Como explicó el análisis de CGTN, el factor determinante no fue el fracaso de la diplomacia, sino la intervención israelí que empujó al límite el proceso antes de que el acuerdo pudiera sellarse (CGTN, 28 de febrero de 2026). Los bombardeos no llegaron tras el fracaso de las negociaciones. Llegaron para destruirlas.
3. El relato que muta
A medida que avanzaba la operación, el discurso oficial sufrió una transformación que Al Jazeera documentó con precisión: el argumento fue desplazándose de la "amenaza inminente" a la necesidad de eliminar una "amenaza estratégica intolerable", de ahí al peligro de los misiles iraníes y finalmente a la acusación de que Irán no había negociado de buena fe (Al Jazeera, 3 de marzo de 2026).
Este movimiento es un patrón conocido: cuando la urgencia militar concreta no puede sostenerse, el marco de la amenaza se amplía hasta hacerse irrefutable. El propio Trump llegó a declarar que decidió actuar porque tenía "el presentimiento" de que Irán golpearía primero. El presentimiento presidencial reemplazó a la inteligencia técnica.
4. La ley rota
La legalidad de la operación es, como mínimo, profundamente cuestionable. La Carta de las Naciones Unidas permite el uso de la fuerza solo en dos circunstancias: con autorización del Consejo de Seguridad —que no existió, dado que Rusia y China se opusieron frontalmente— o en legítima defensa frente a un ataque armado previo, que tampoco se produjo (Economic Times, 4 de marzo de 2026; Modern Diplomacy, 5 de marzo de 2026).

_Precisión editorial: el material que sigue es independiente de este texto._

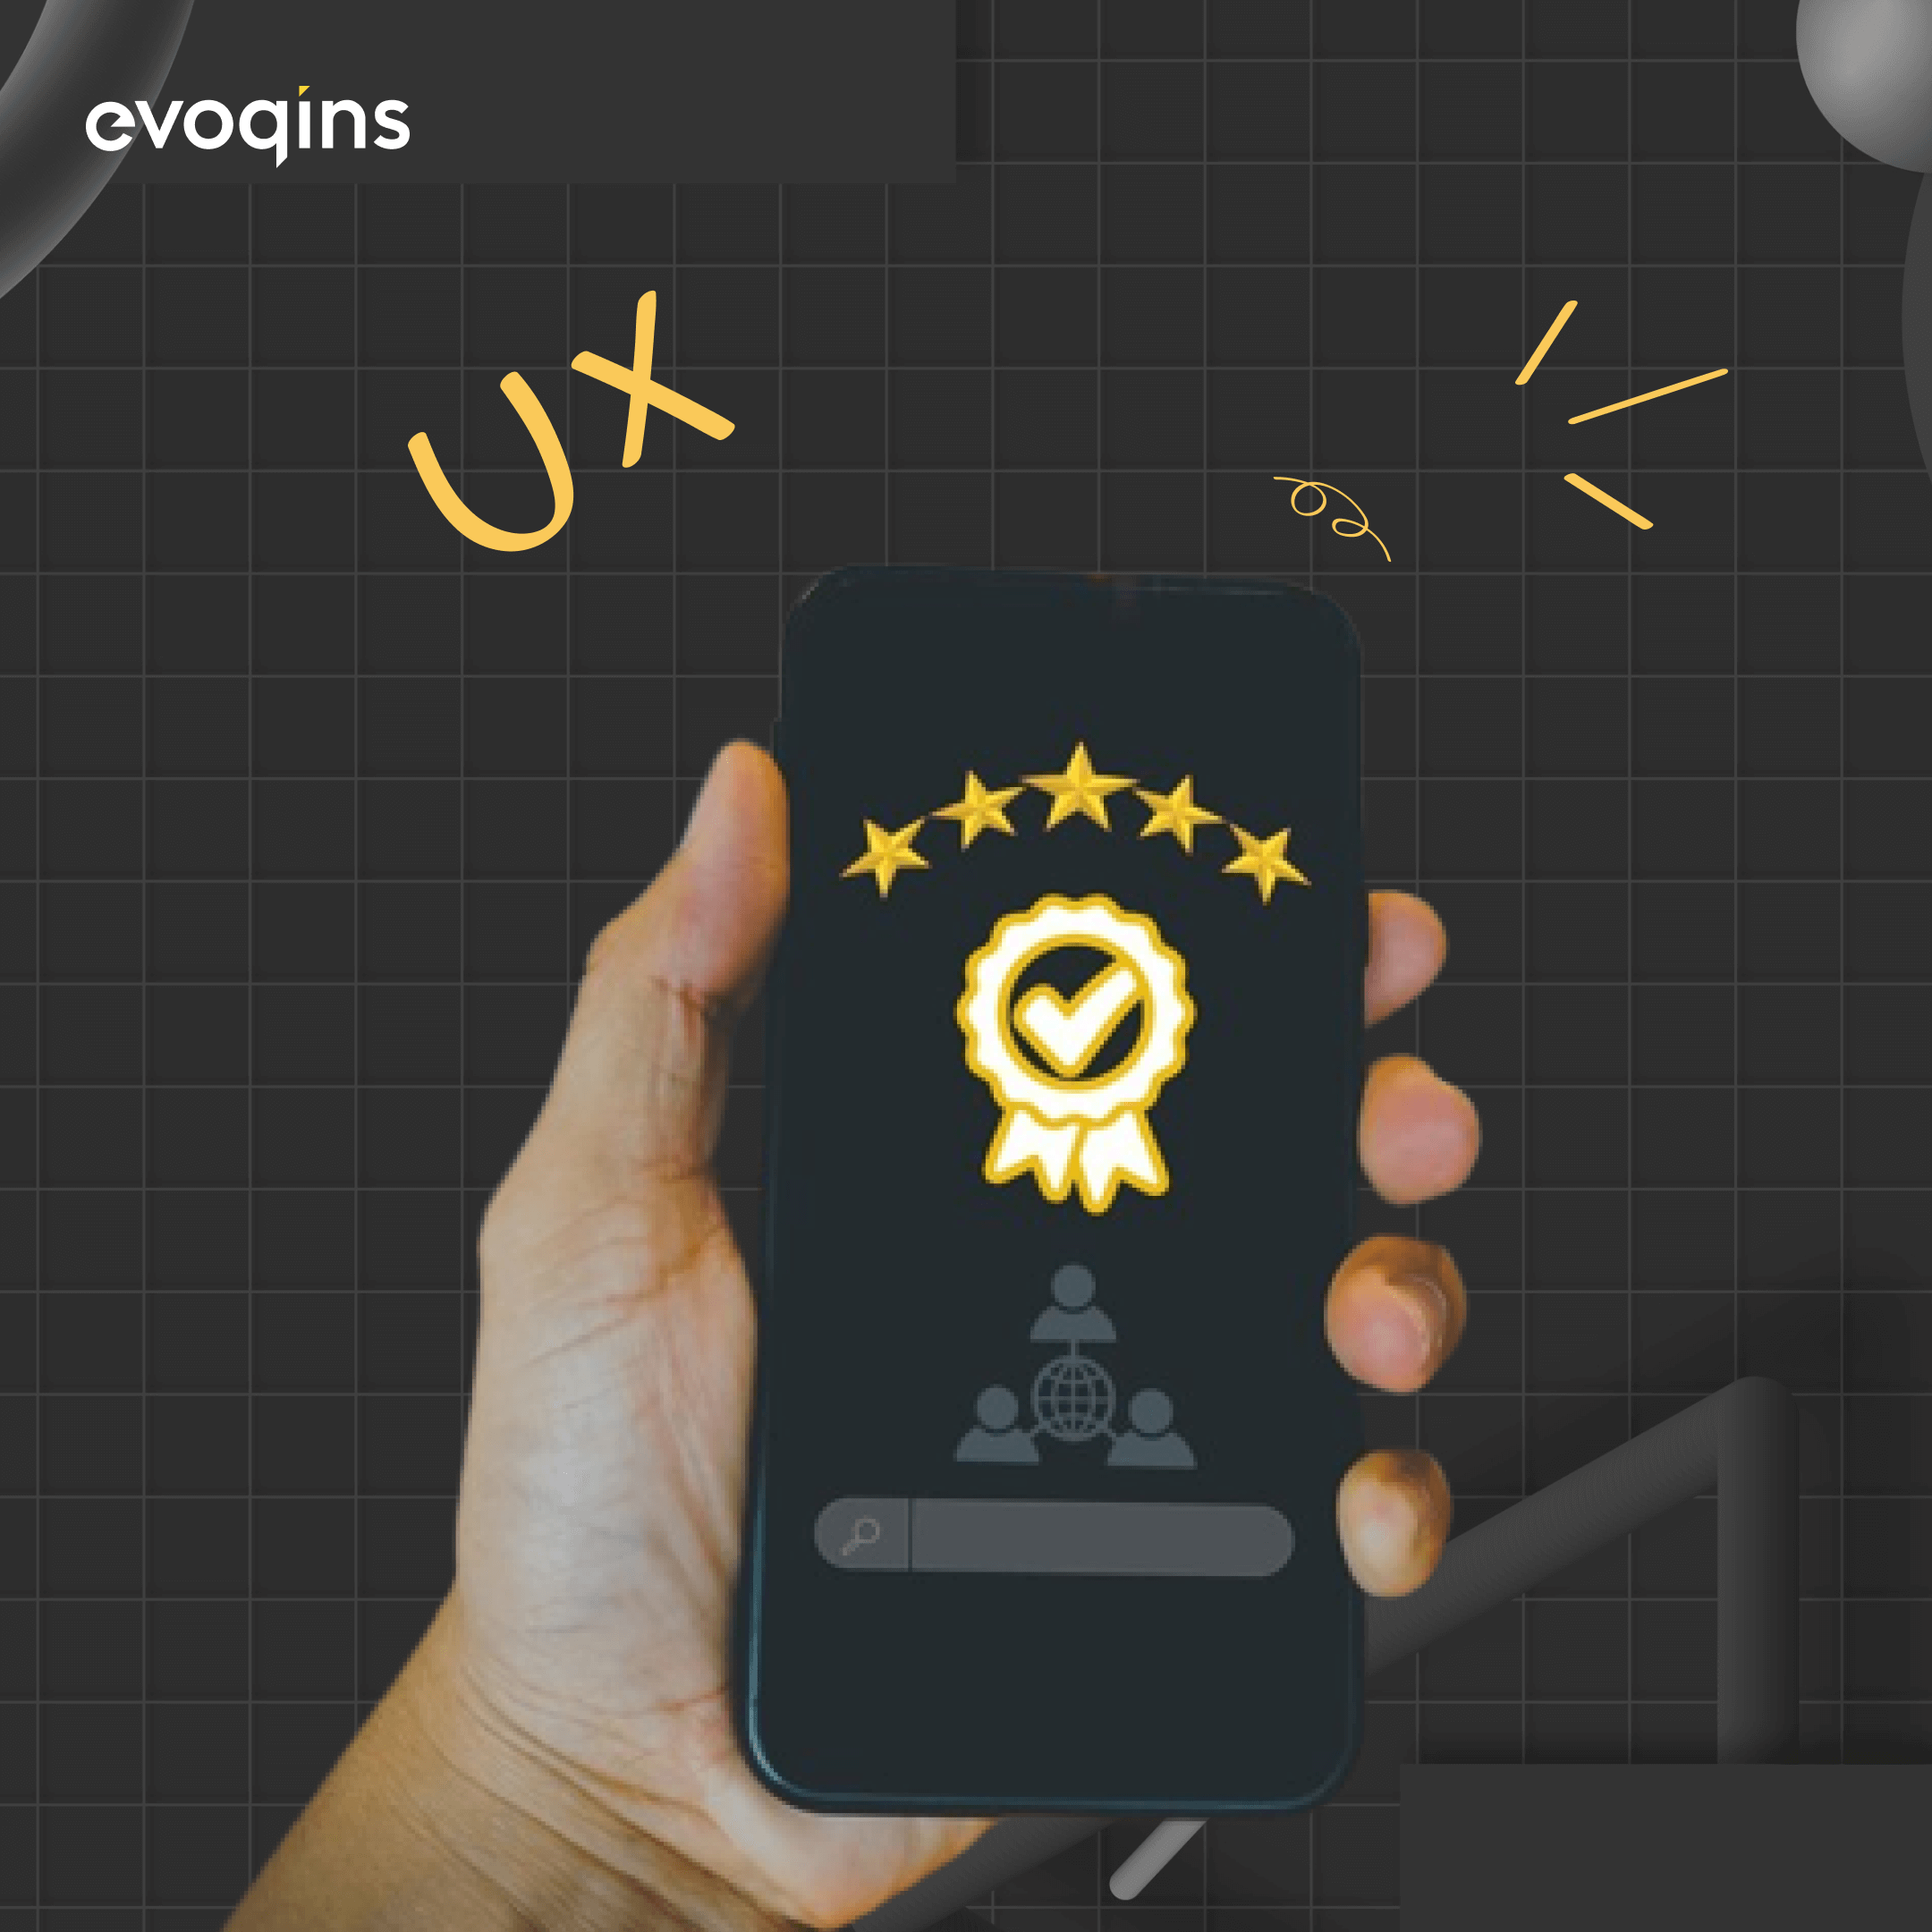 Customer satisfaction through UX design in investment application

El coste que no aparece en los briefings
Los bombardeos no fueron quirúrgicos. Entre los episodios más documentados está el ataque a la escuela de niñas Shajareh Tayyebeh en Minab, en el sur de Irán, ocurrido a plena luz del día mientras las aulas estaban llenas de alumnas de entre siete y doce años. Murieron al menos 153 personas (Middle East Eye, 3 de marzo de 2026). Testigos describieron restos humanos en los pupitres. Este tipo de incidentes, sumados a los bombardeos en zonas residenciales de Teherán, han llevado a múltiples organizaciones internacionales a denunciar posibles crímenes de guerra. La narrativa de la operación "limpia y precisa" no sobrevive al contacto con los hechos en el terreno.
Lo que queda cuando se retiran las capas de justificación es una imagen que no se deja reencuadrar fácilmente.
Esta no fue una guerra inevitable. Fue una guerra elegida, en el peor momento posible, contra el consejo de quienes tenían la información y en el momento exacto en que la otra parte tendía la mano. Eso no es defensa. Es lo contrario.